4. # virsh start demo
error: Failed to start domain demo
error: server closed connection

5.# virsh
error: unable to connect to '/var/run/libvirt/libvirt-sock': Connection refused
error: failed to connect to the hypervisor

6.# service libvirtd status
libvirtd dead but pid file exists

Actual results:
PCI passthrough fail and cause libvirtd dead

Expected results:
PCI passthrough success

Additional info:

Comment 1 Daniel Berrangé 2009-07-23 10:03:44 UTC
I can't reproduce this.
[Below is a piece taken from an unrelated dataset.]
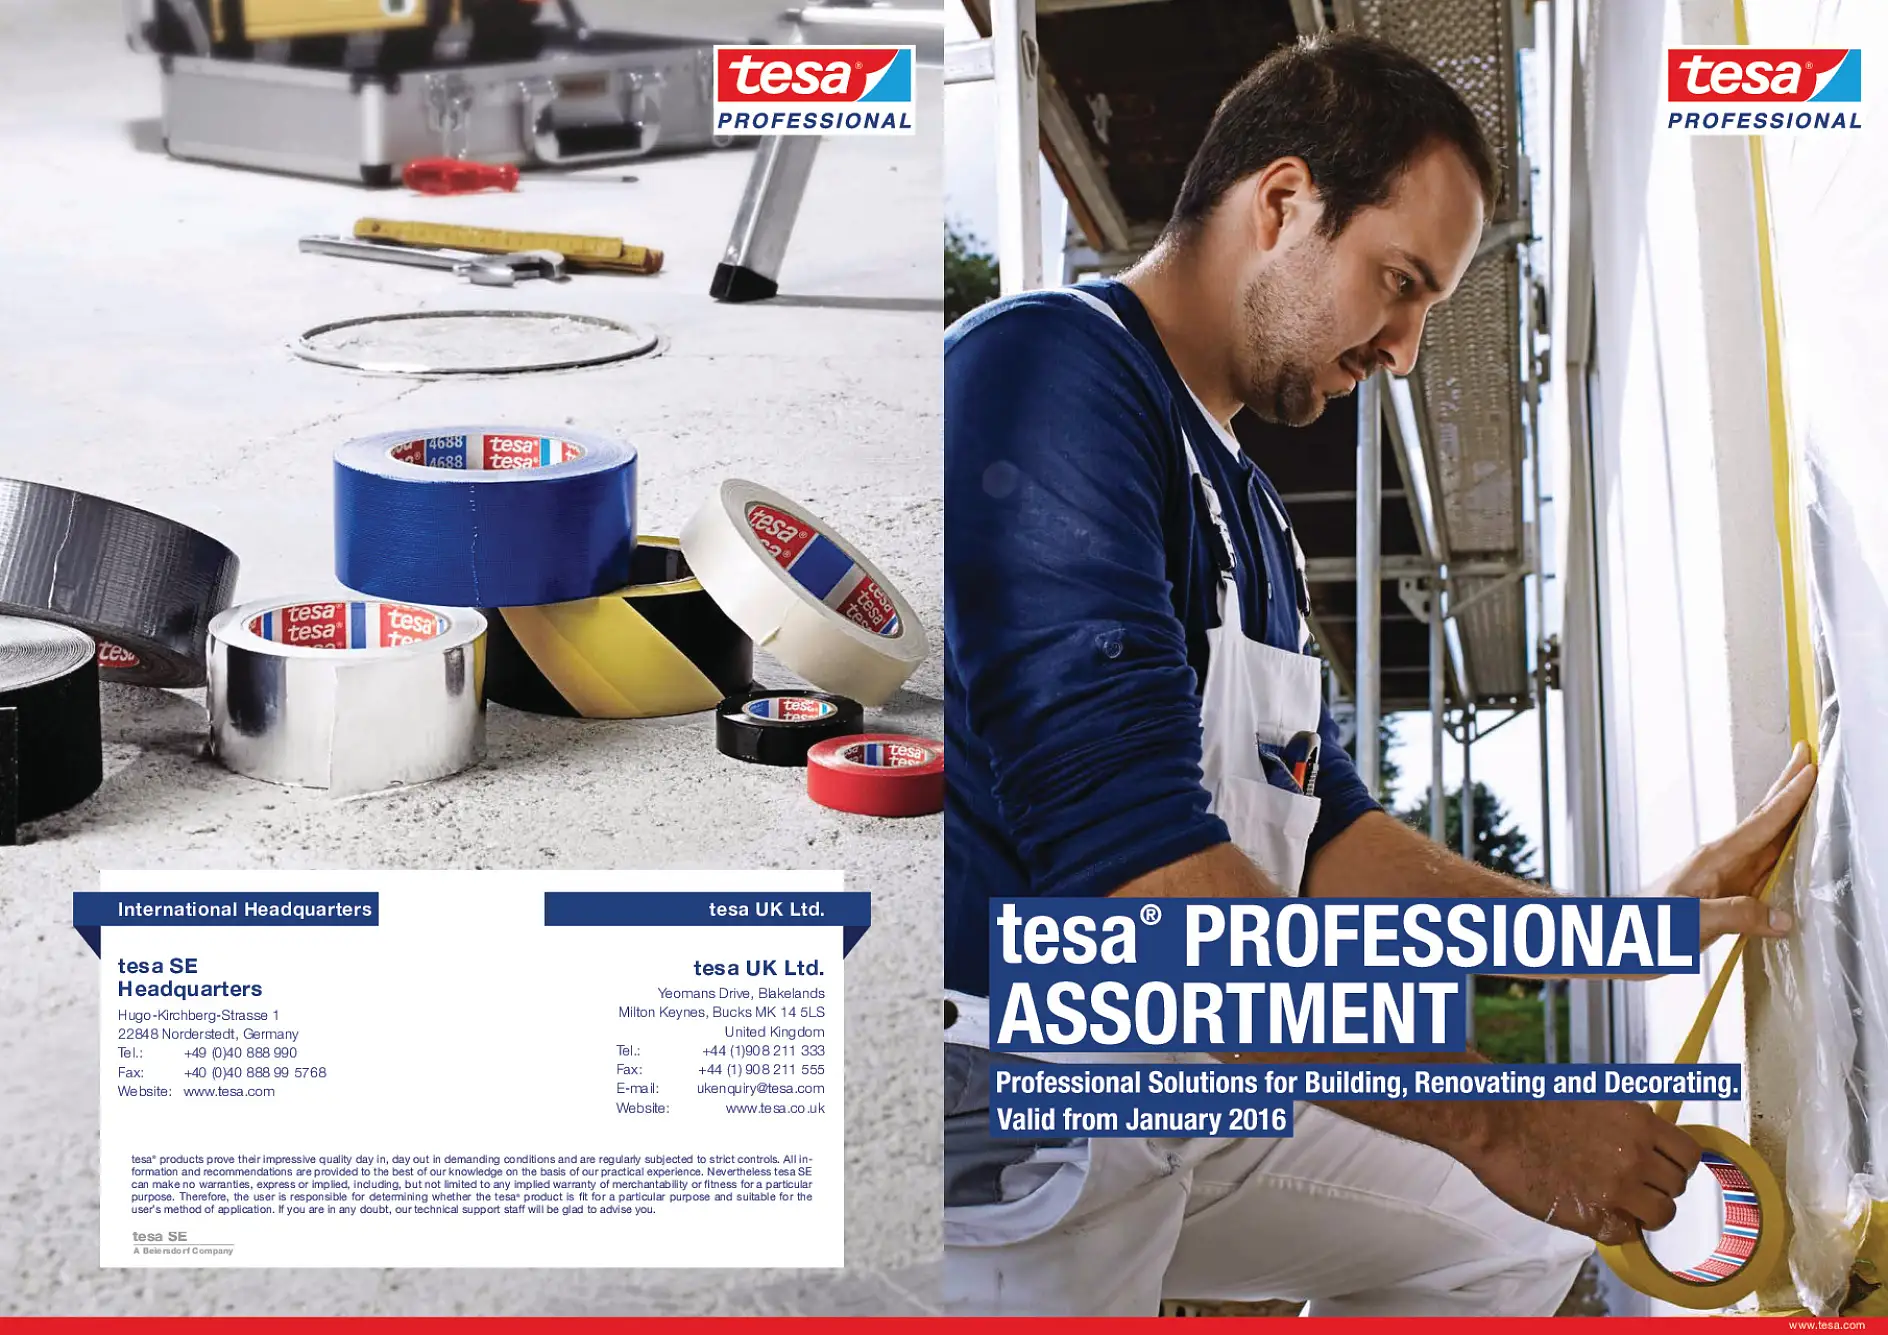 All professional products by tesa.
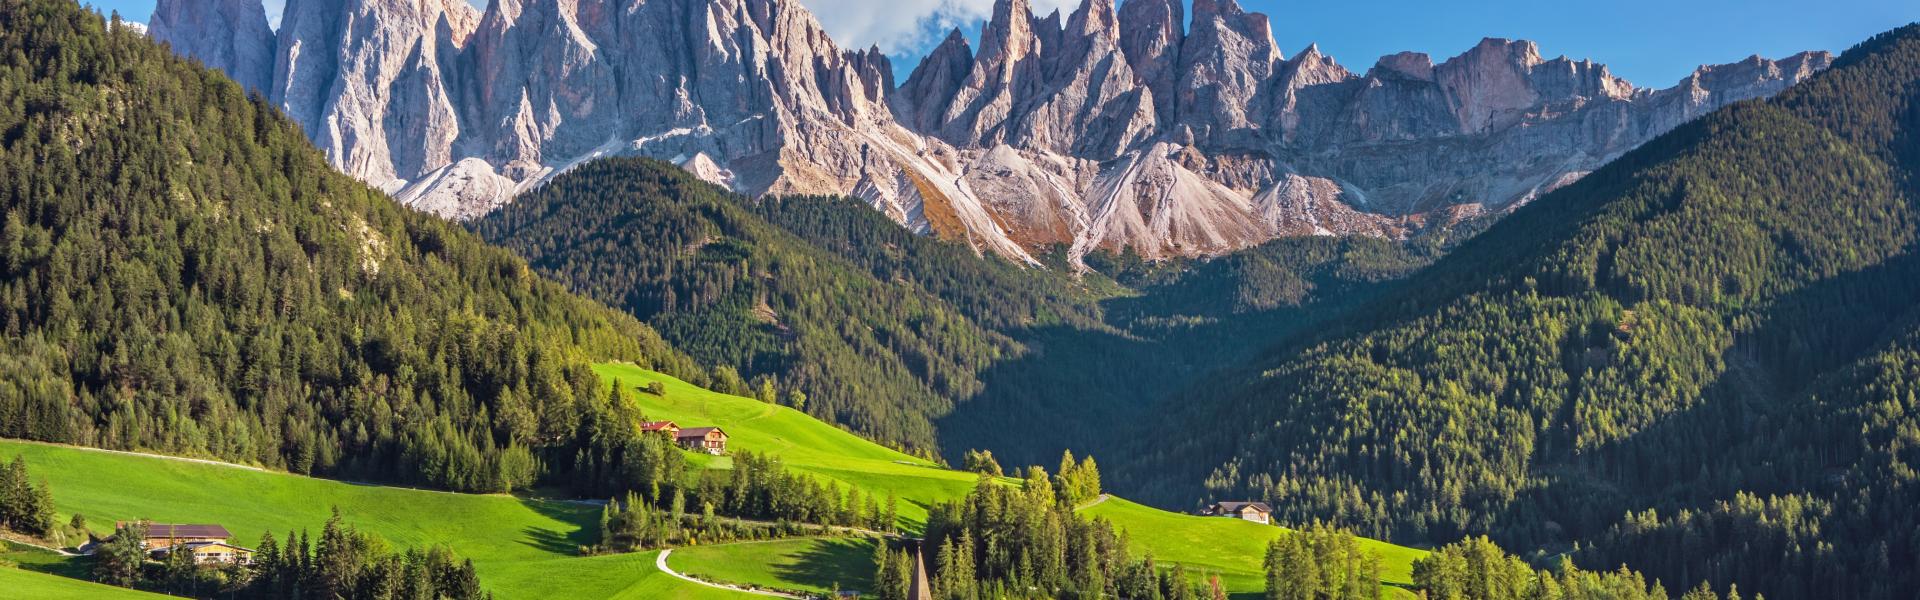 Find the ideal holiday home in Trentino-Alto Adige/South Tyrol for your Italian adventure - Casamundo

Can you attempt to capture a stack trace,

- Install libvirt-debuginfo RPM
- Run 'service libvirtd start'
- Run 'ps -auxfw | grep libvirtd' to find the PID of the libvirtd process
- Start 'gdb'
- In the gdb console, type 'attach <PID-OF-LIBVIRTD>' and then 'cont'


Now in another console attempt to run your test to make libvirtd crash.
When it crashes, go back to the GDB console and type

 'thread apply all backtrace'

And then upload all the data from that as an attachment to this bug.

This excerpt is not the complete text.